Samsung Galaxy S22 Ultra – 2022

The Galaxy S22 Ultra landed as the first true Note successor, thanks to the inclusion of the S Pen, which (mercifully) can be stored inside the handset itself, rather than being lost down the side of the couch.

Super-fast internals, a large 6.8in screen, and a headline-grabbing 108MP camera made the S22 Ultra the handset to beat. That is, at least, until its Galaxy S23 successor came along.

Samsung Galaxy S23 and S23 Plus – 2023

Powered by the mighty Snapdragon 8 Gen 2 processor and 8GB of RAM, these are, unsurprisingly, two of the most powerful phones Samsung has ever made. The larger S23 Plus features 45W fast charging (versus the slower 25W charging of its sibling), but both have the same 50MP main camera, 12MP ultrawide, and 10MP telephoto (complete with 3x optical zoom), for snapping quality pics.

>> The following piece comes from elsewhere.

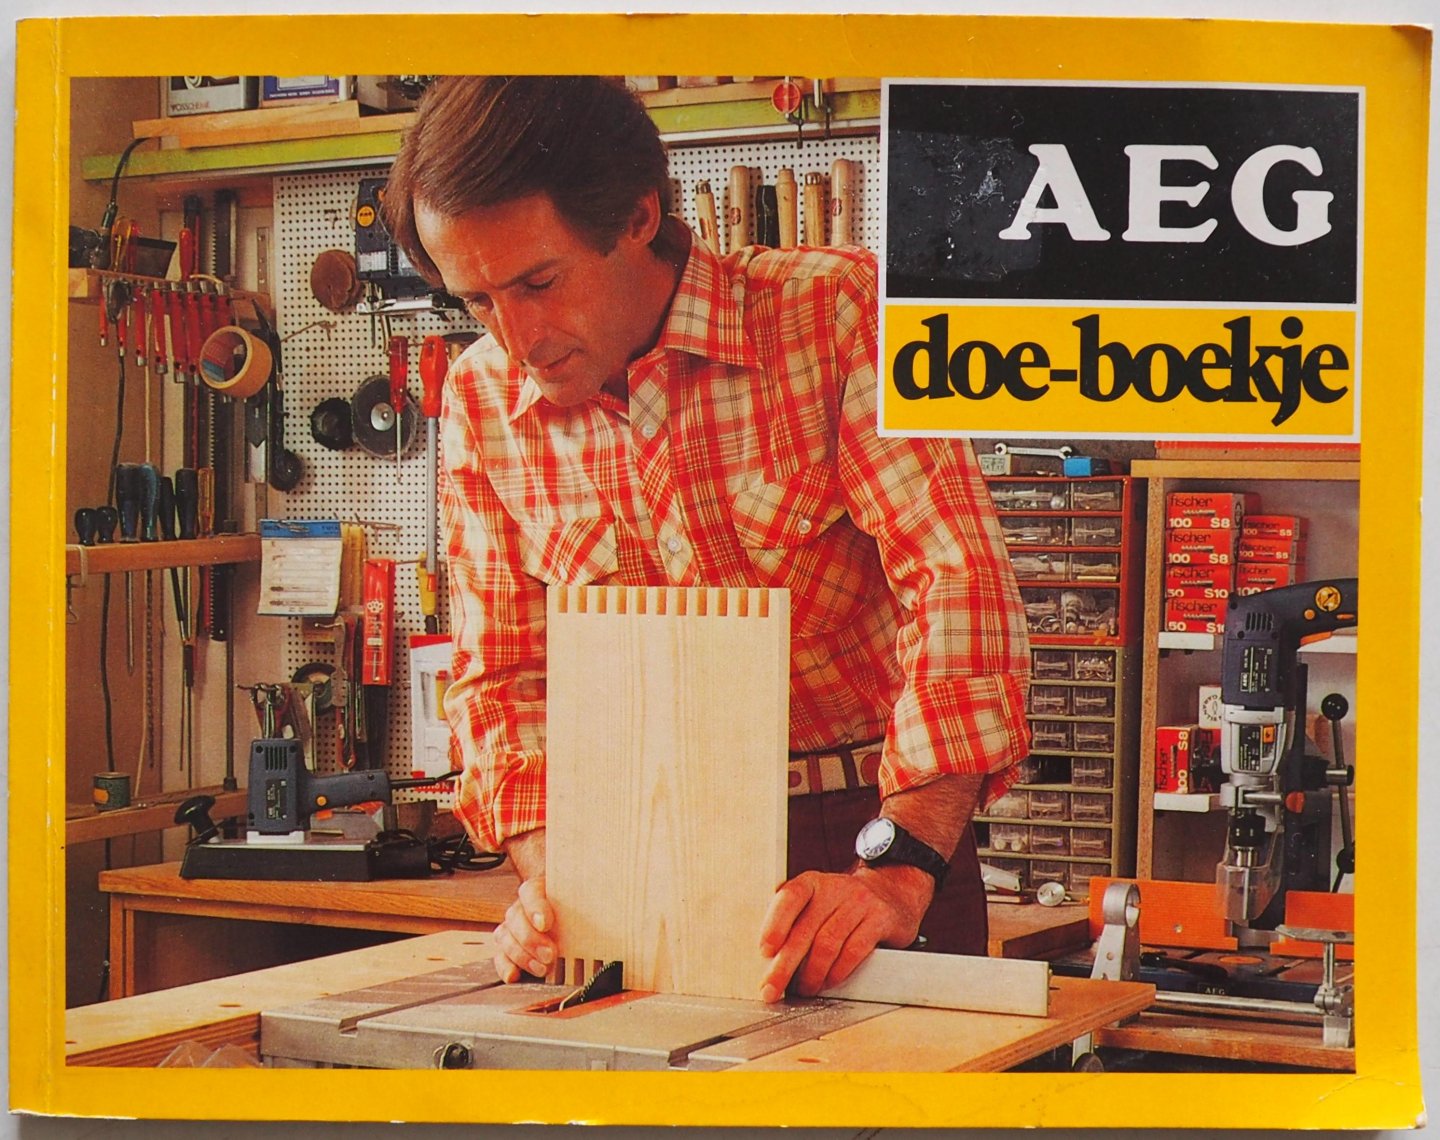 AEG - AEG doe-boekje Een bundeling van praktische tips en een nuttig verlengstuk van de gebruikssaanwijzing bij elektrisch gereedschap

Samsung Galaxy S23 Ultra – 2023

As predicted, Samsung’s latest and greatest flagship is the most powerful and feature-packed one yet. With a largely unchanged design (although the rear camera housing has slimmed down), it’s the combination of tech that makes it shine.

From a beautiful, bright screen, to a camera setup that’s capable in almost any situation (thanks to a 10x optical zoom lens and a huge 200MP main sensor), the Samsung Galaxy S23 Ultra is shaping up to be a contender for one of the best phones of 2023.